## [Your objective]
Take the listing below and output it exactly, with no images.

## [Source material]
BEGIN
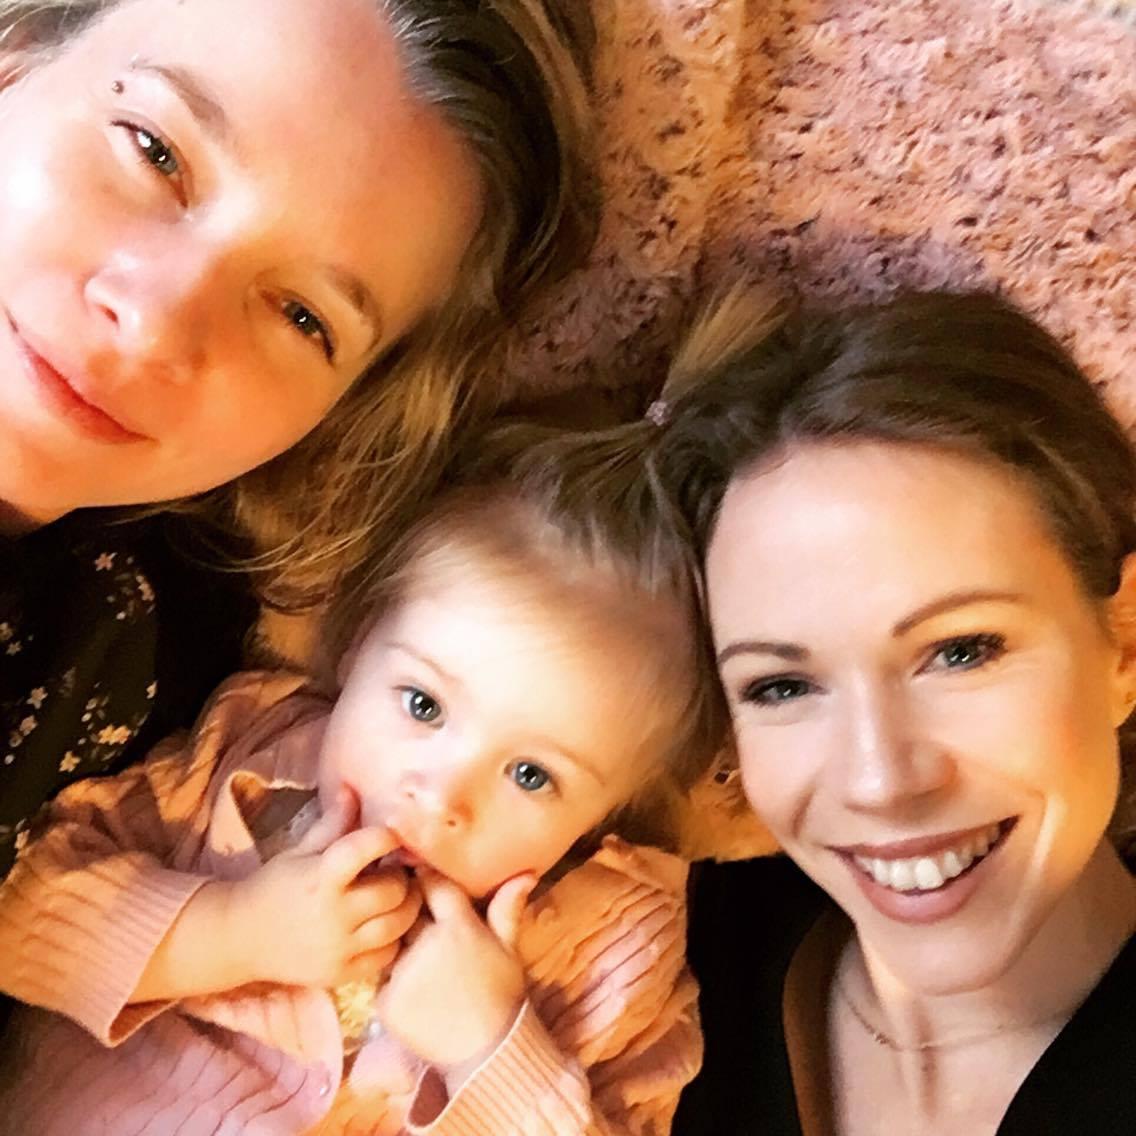 Kari lesbische moeder dochter vragen
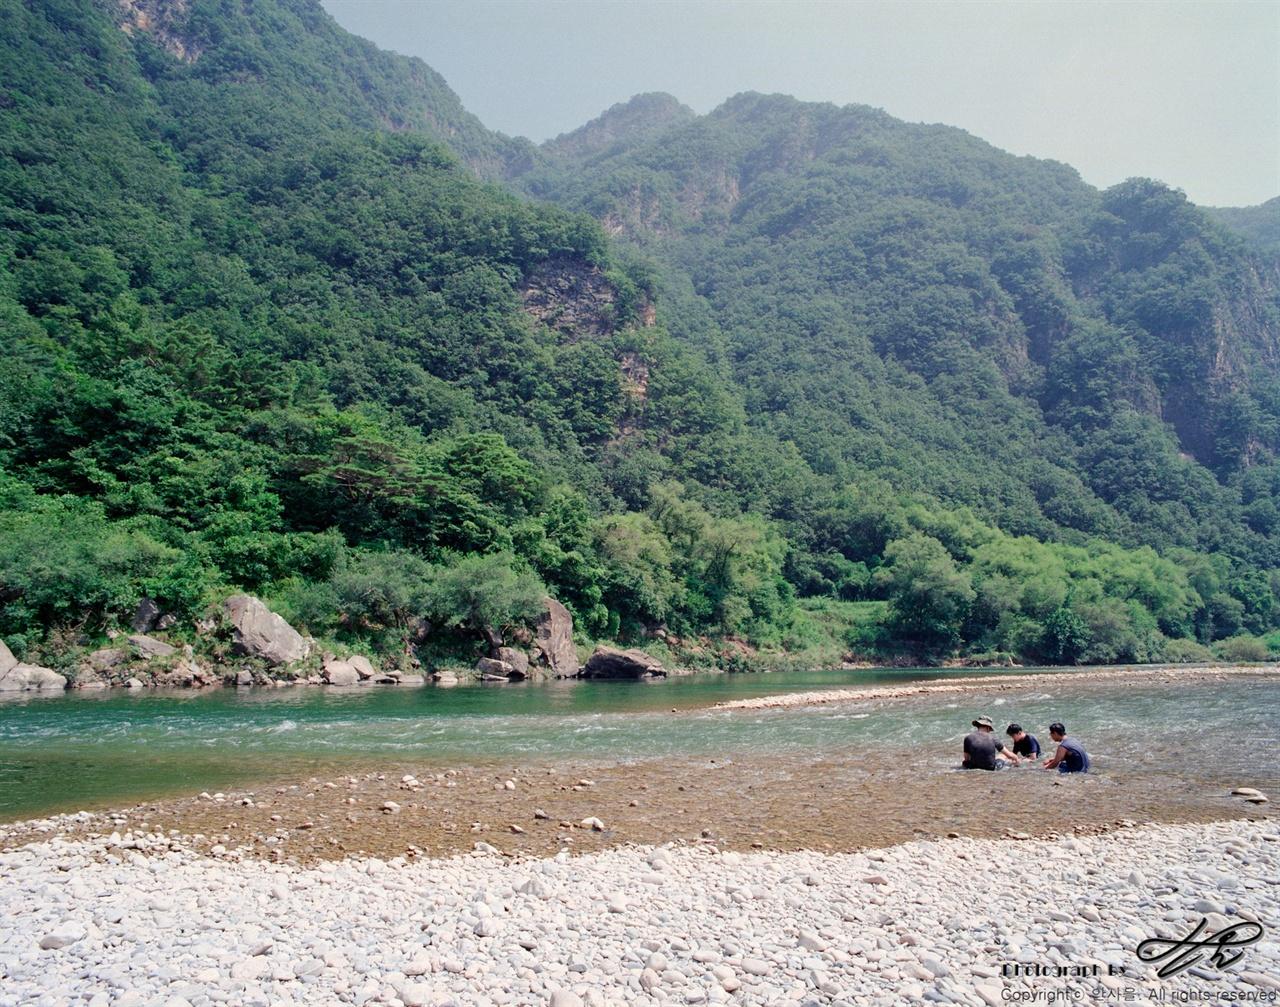 신선놀음 (6*7중형/Ektar100)강물에 몸을 담근 채 폭염 속 시원함을 즐기고 있는 사람들
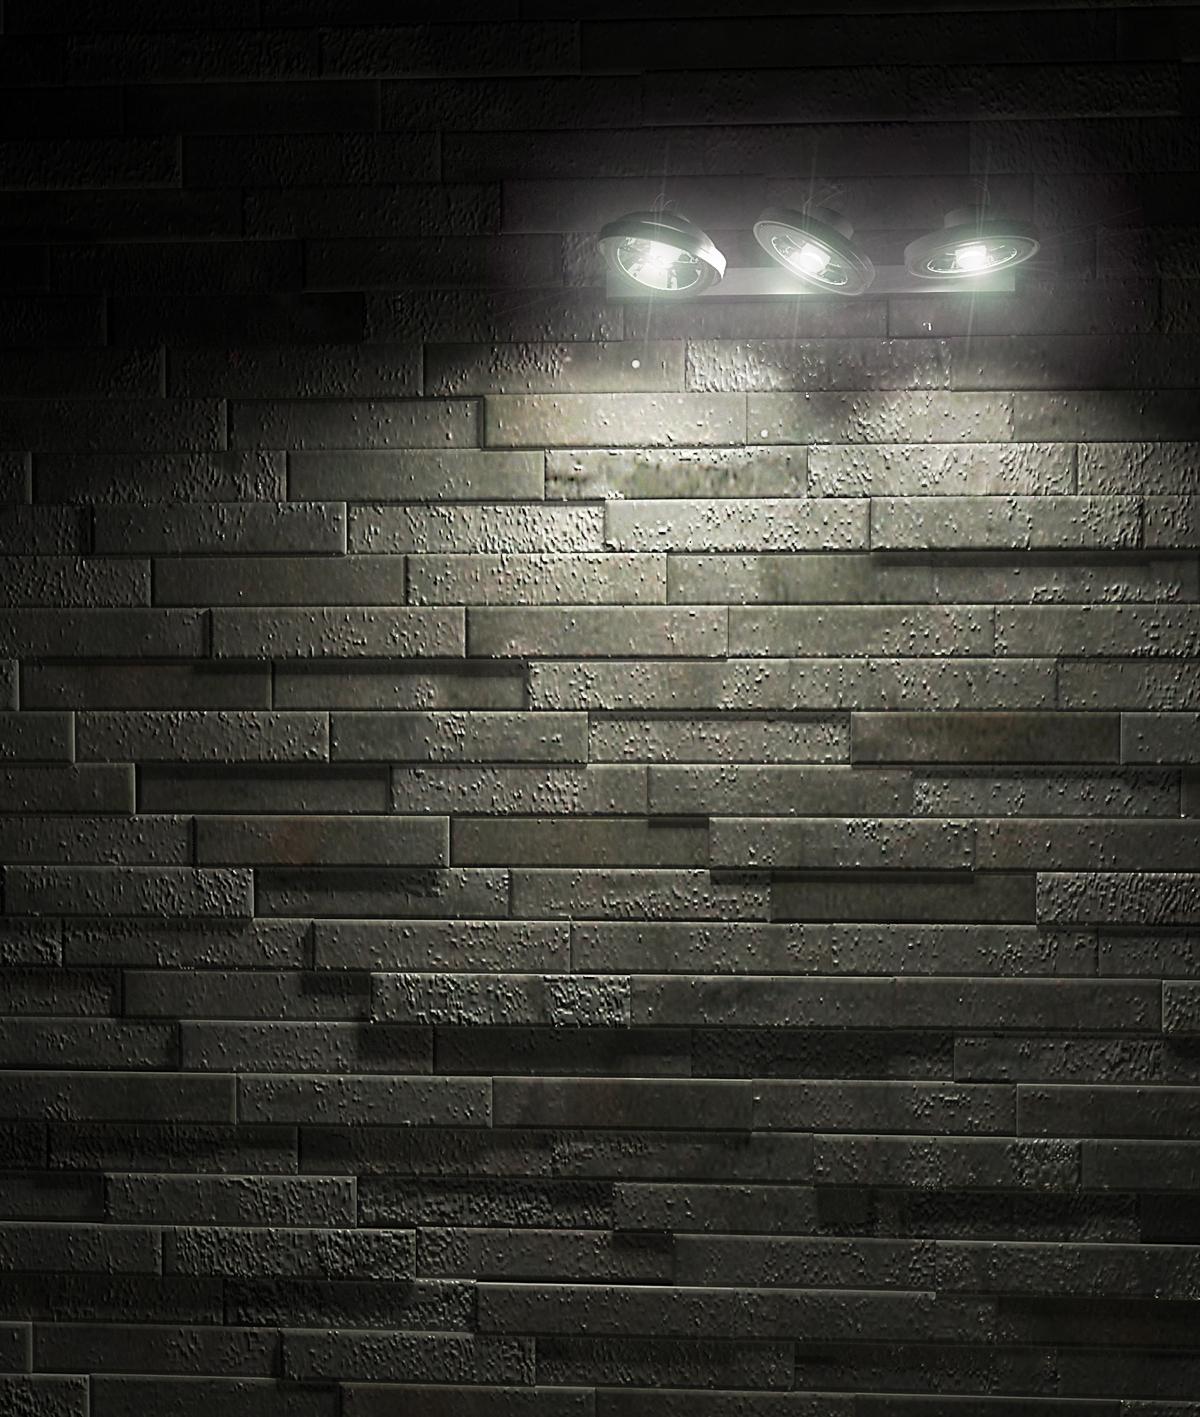 IES wall
END
## [Written solution]
 Kari lesbische moeder dochter vragen
 신선놀음 (6*7중형/Ektar100)강물에 몸을 담근 채 폭염 속 시원함을 즐기고 있는 사람들
 IES wall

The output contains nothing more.